-- Exercise details --
Although the listing contains pictures, reproduce only its text, exactly as written.

-- Data provided --
──────────
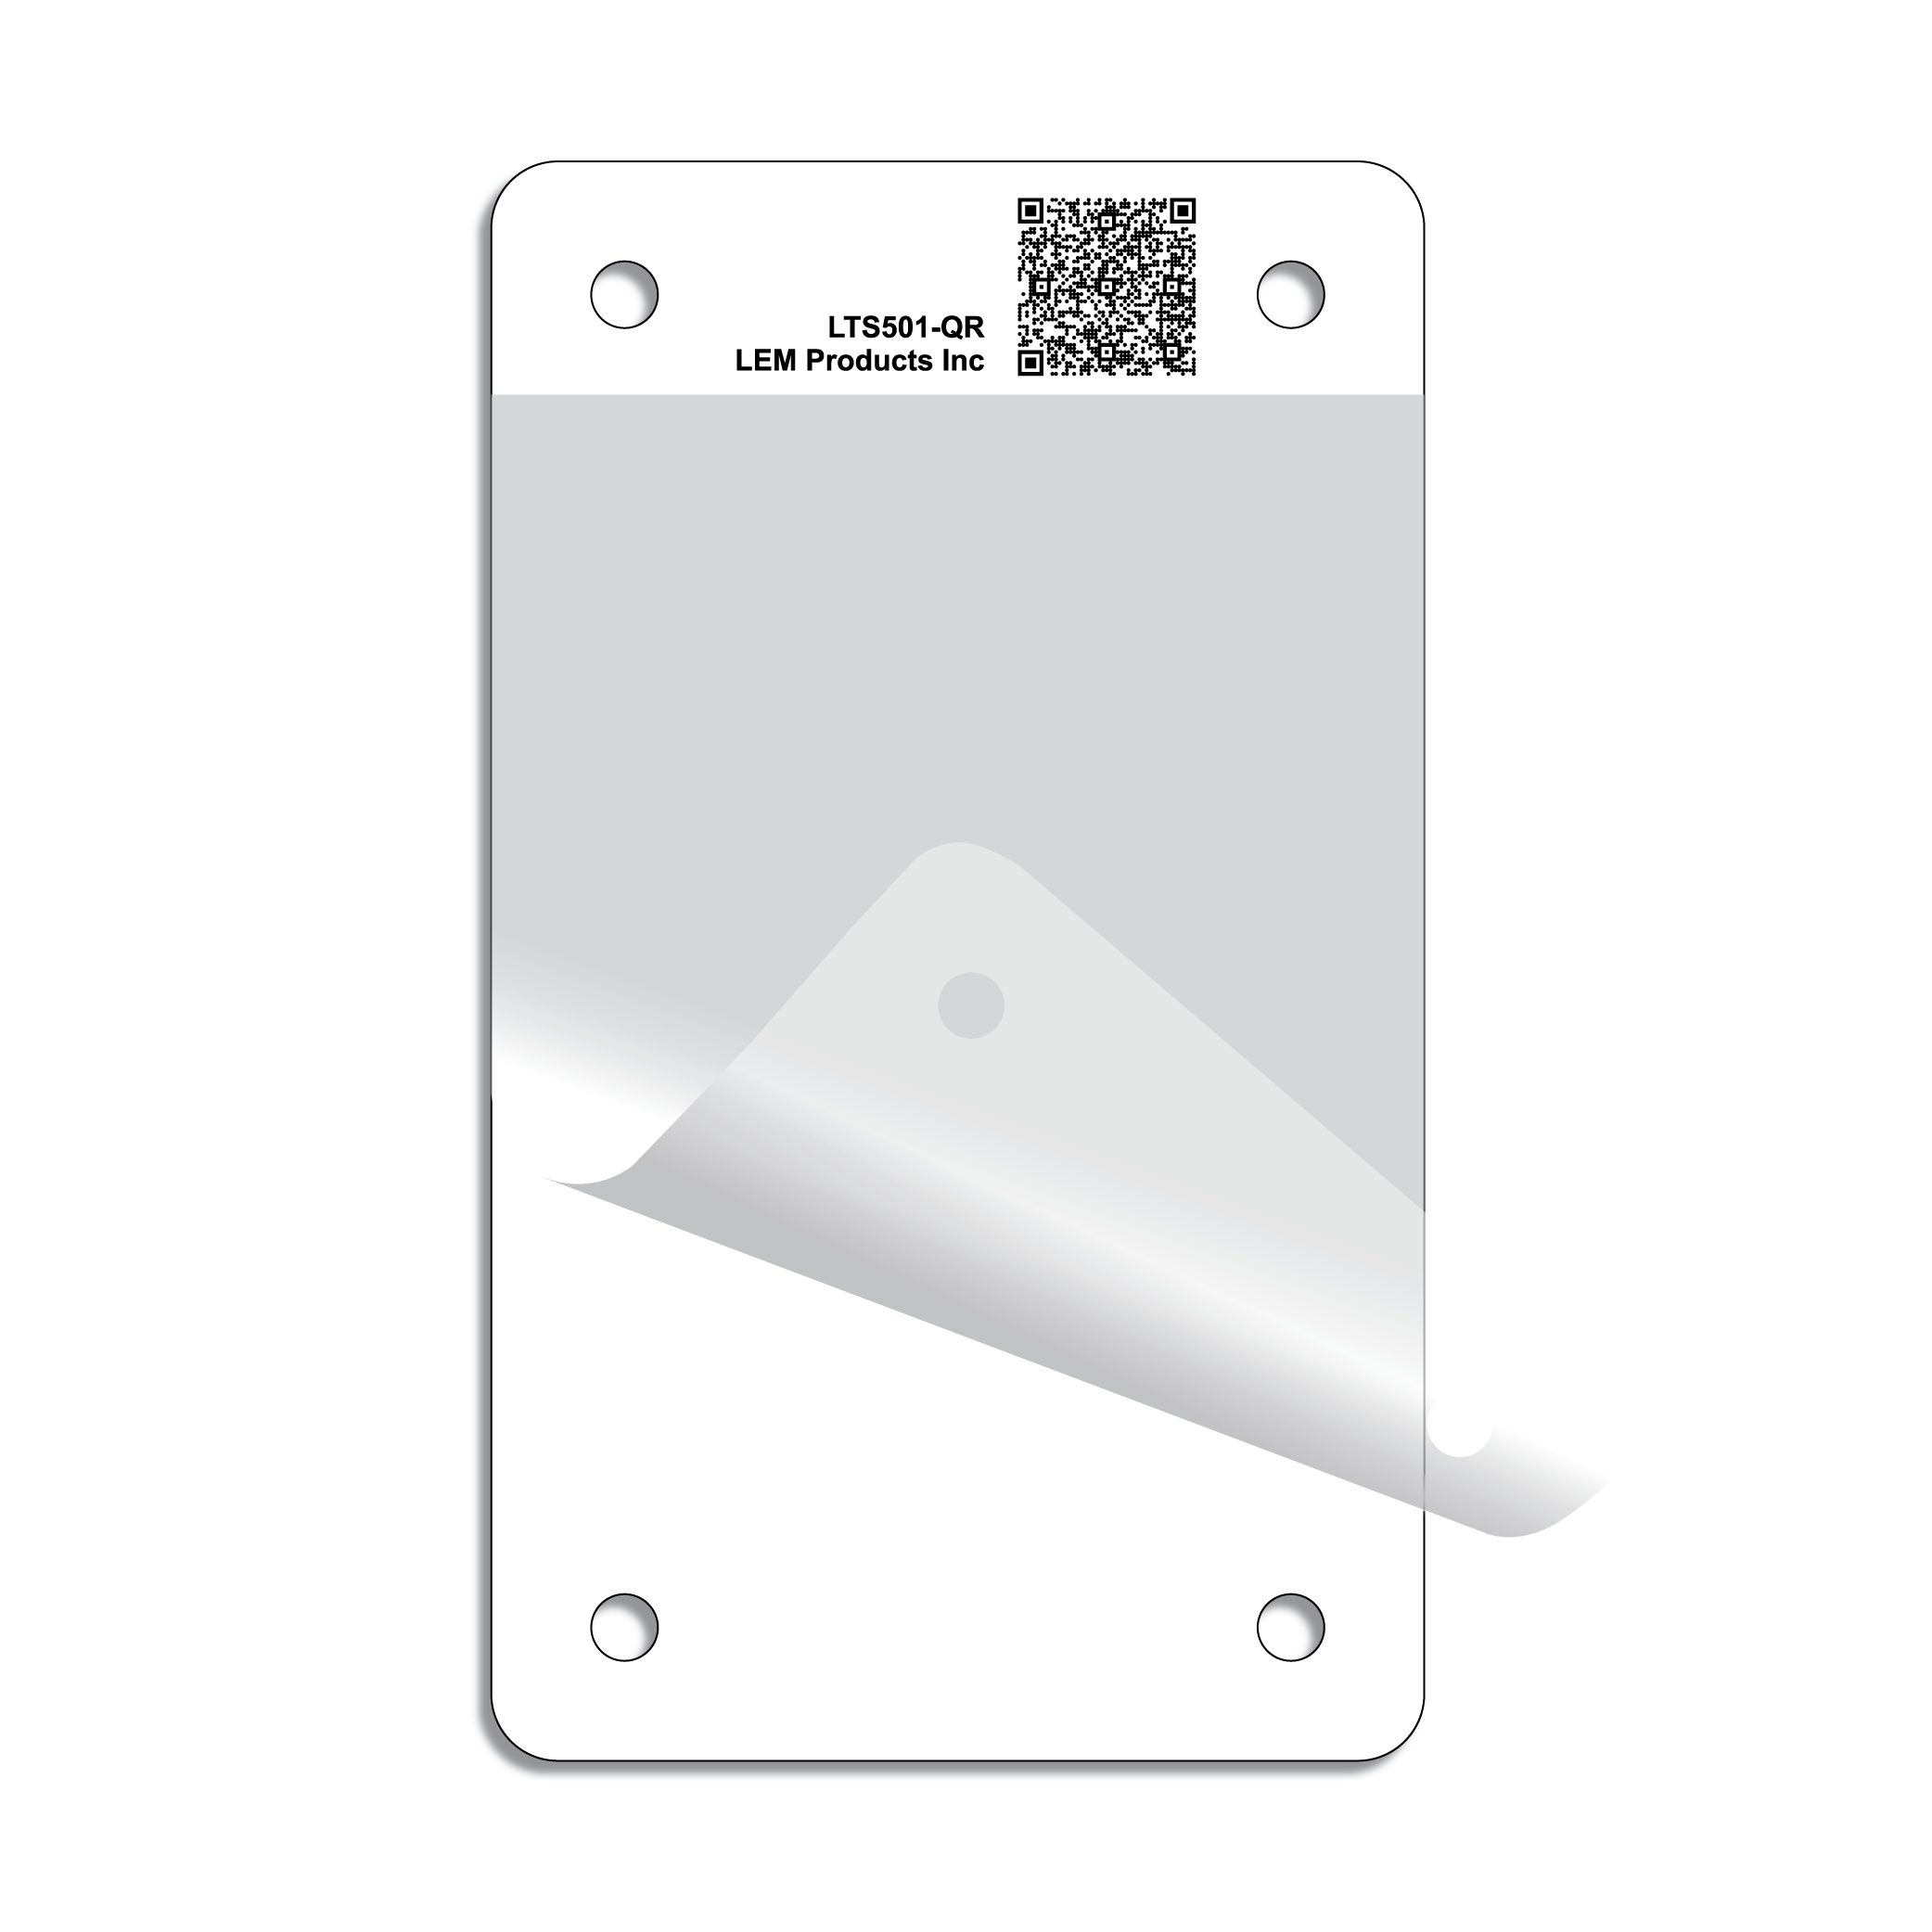 A blank plastic tag with a clear, self-laminating cover and four grommet holes. Color: White.
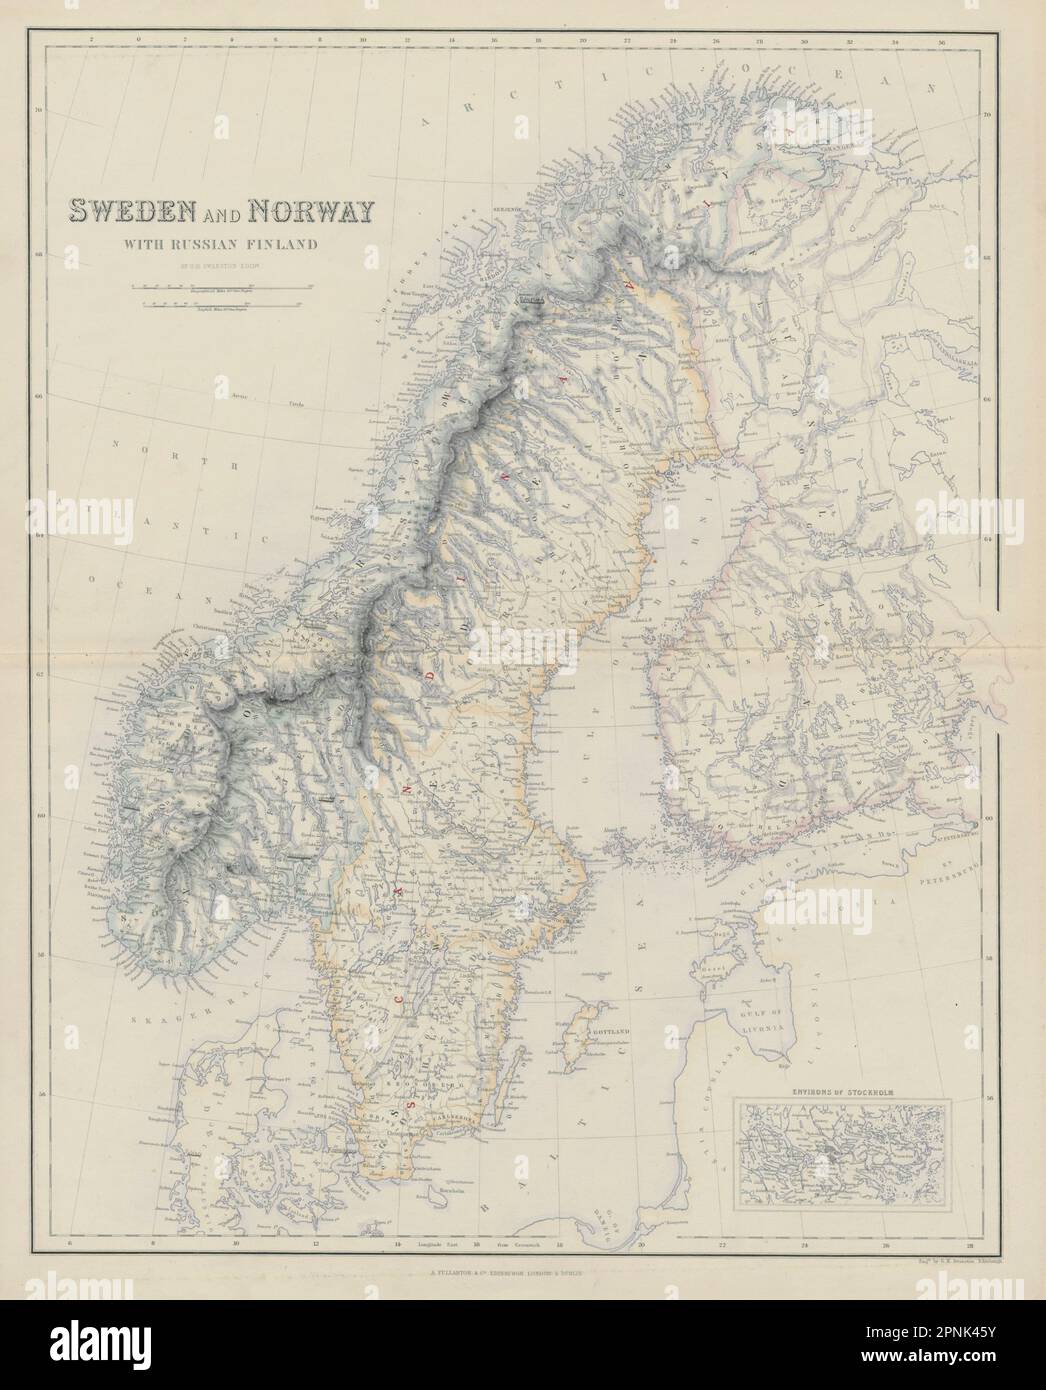 Sweden and Norway with Russian Finland. Scandinavia. SWANSTON 1860 old map Stock Photo
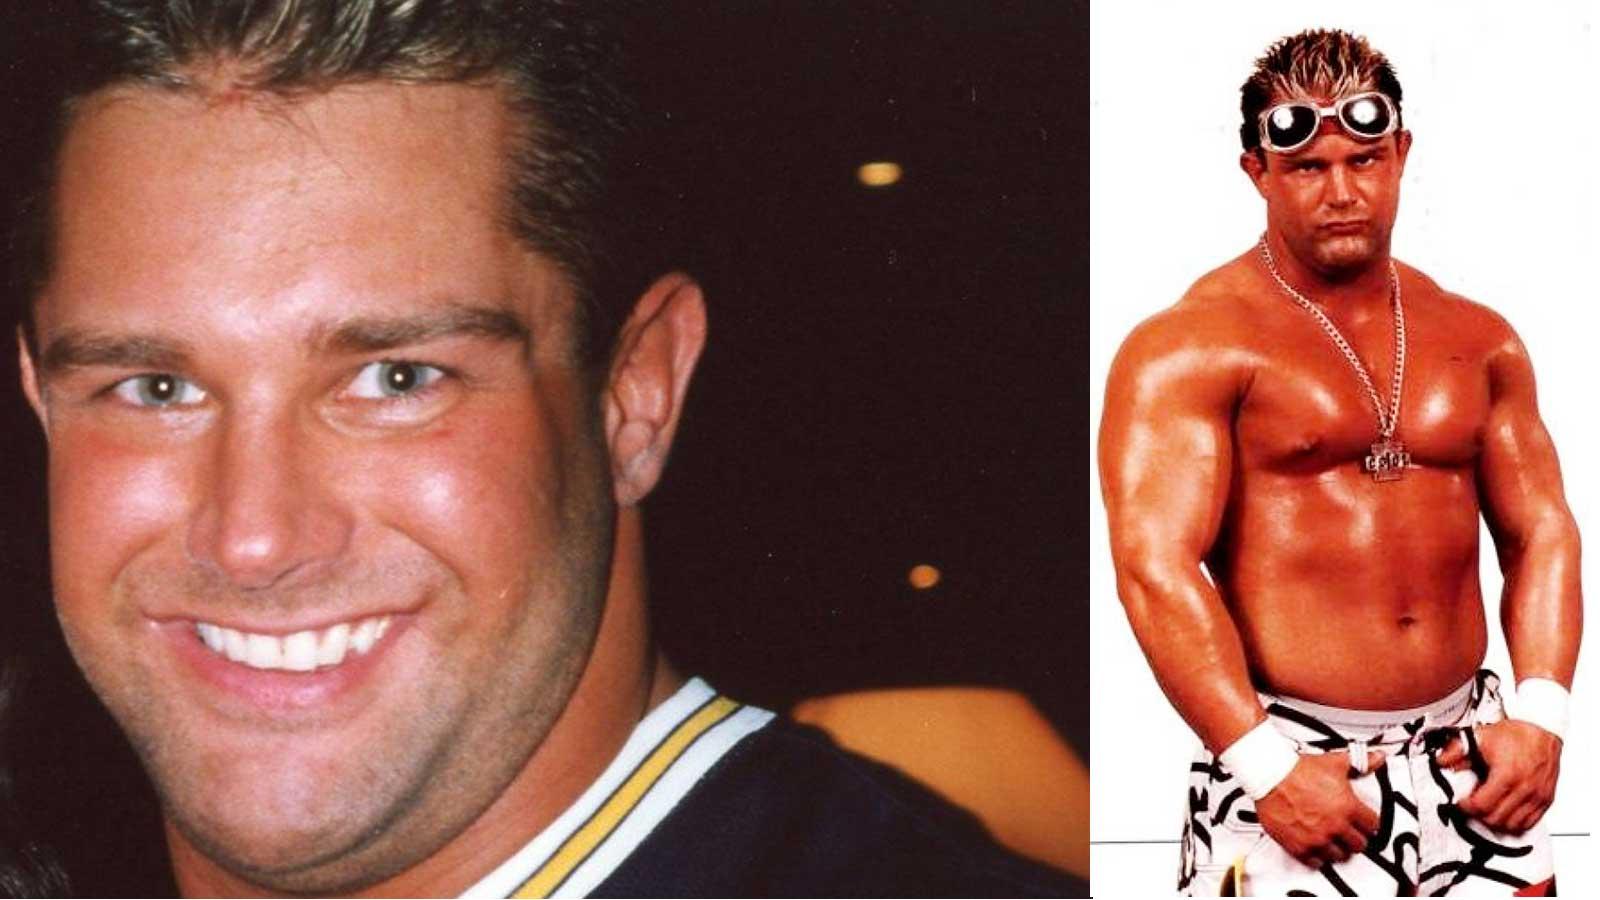 Brian Christopher Lawler
──────────
-- Solved exercise --
 A blank plastic tag with a clear, self-laminating cover and four grommet holes. Color: White.
 Sweden and Norway with Russian Finland. Scandinavia. SWANSTON 1860 old map Stock Photo
 Brian Christopher Lawler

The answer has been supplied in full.